Task details - Your answer must be a word-for-word copy of the listing below, minus its pictures.

Available data -

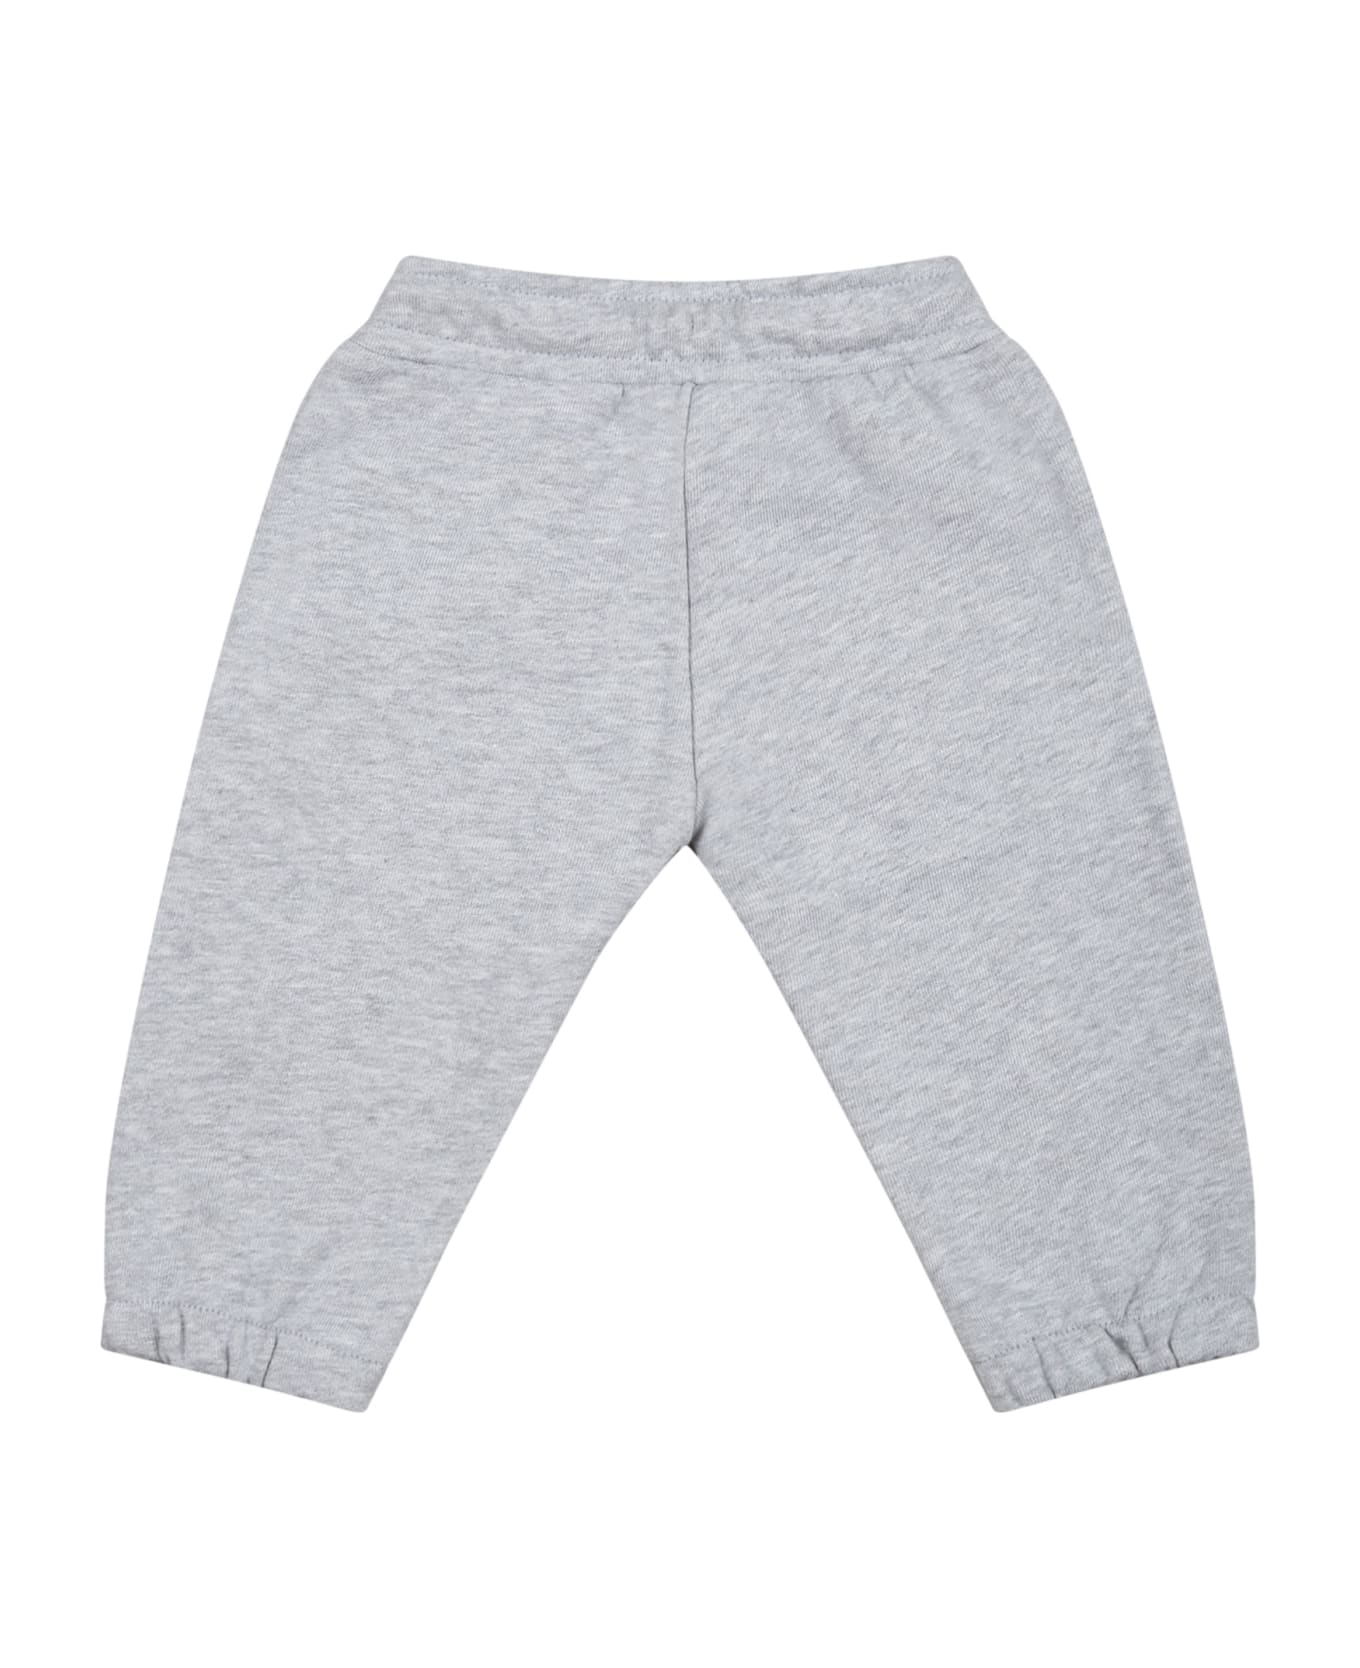 Kenzo Kids Grey Sweatpants For Babies With Logo - Grey
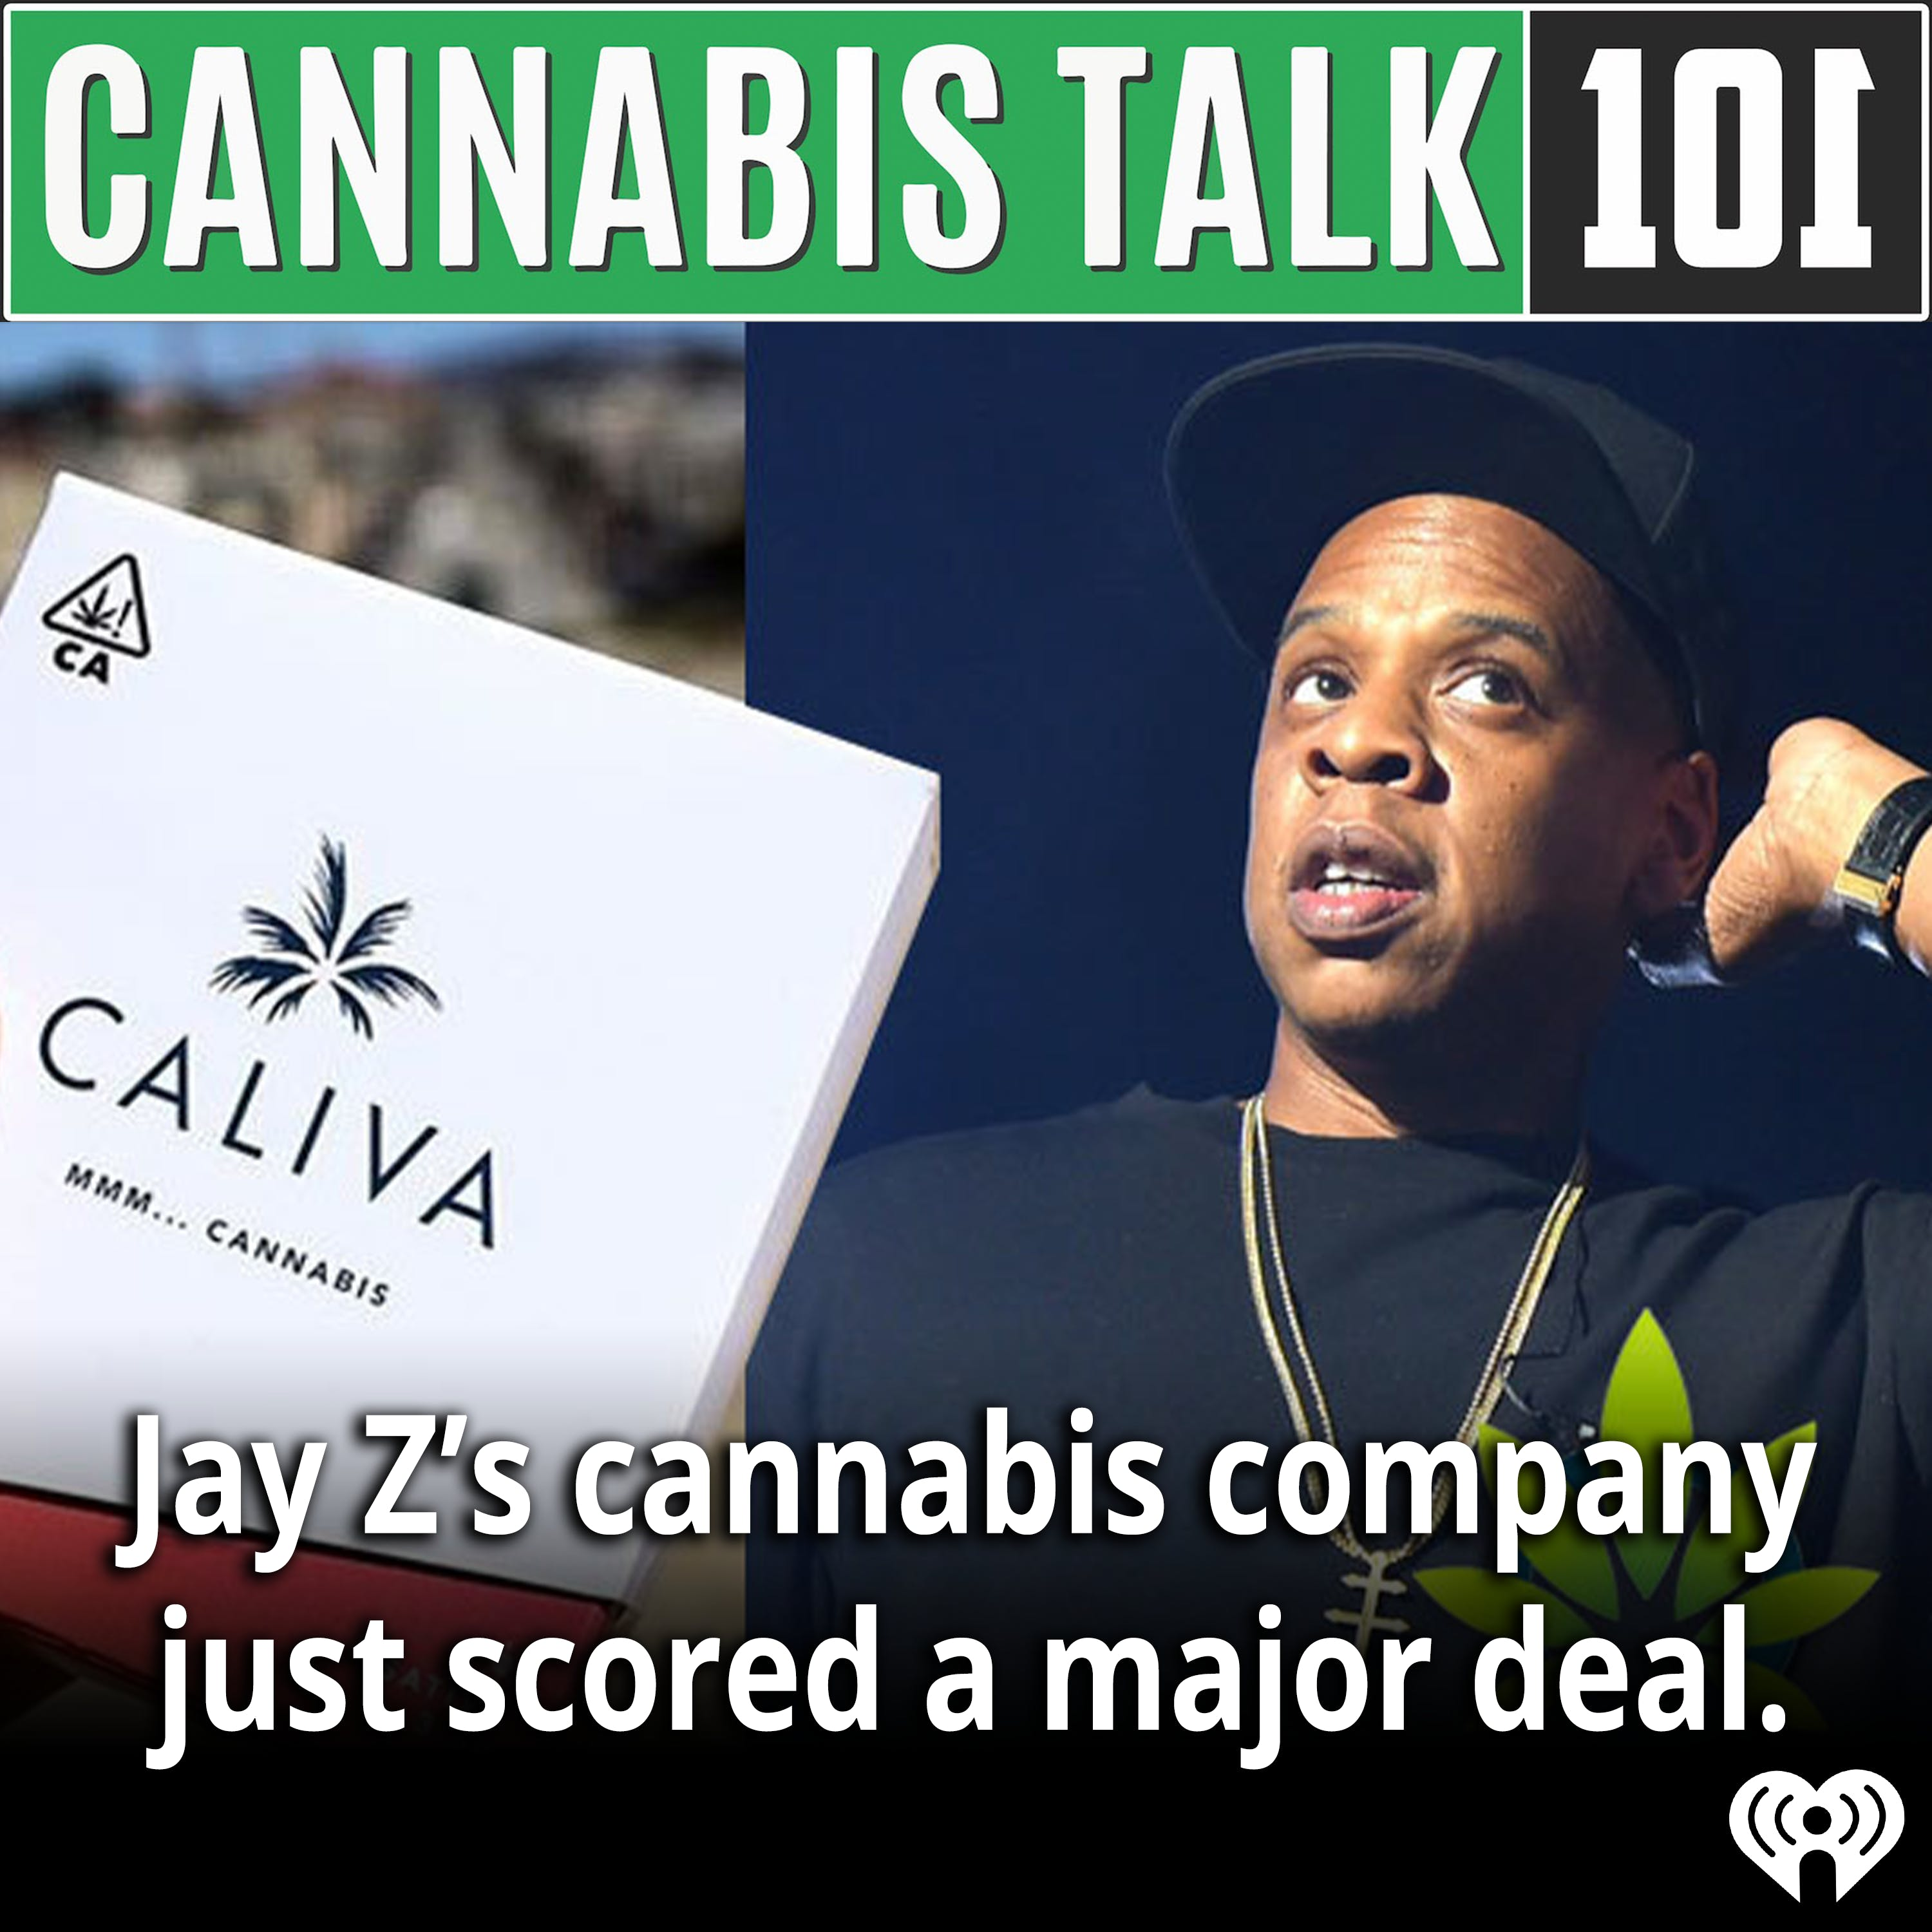 Jay Z’s cannabis company just scored a major deal.
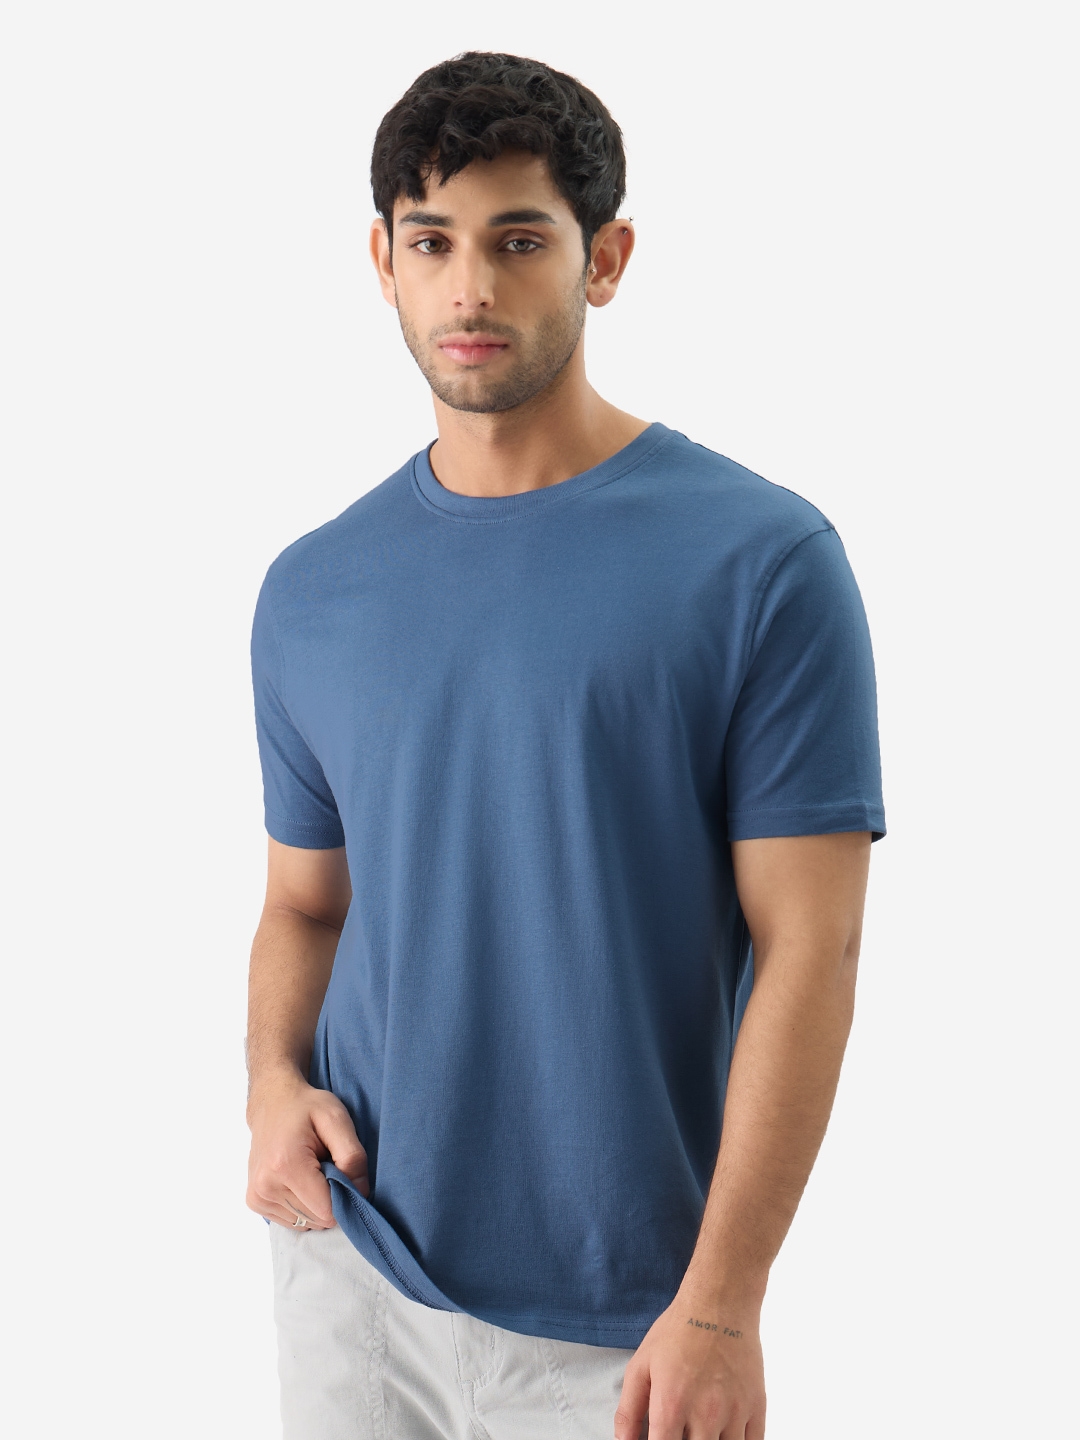 Men's Classic Sustainable Tee: Indigo Bliss T-Shirt

Response area -
 Kenzo Kids Grey Sweatpants For Babies With Logo - Grey
 Jay Z’s cannabis company just scored a major deal.
 Men's Classic Sustainable Tee: Indigo Bliss T-Shirt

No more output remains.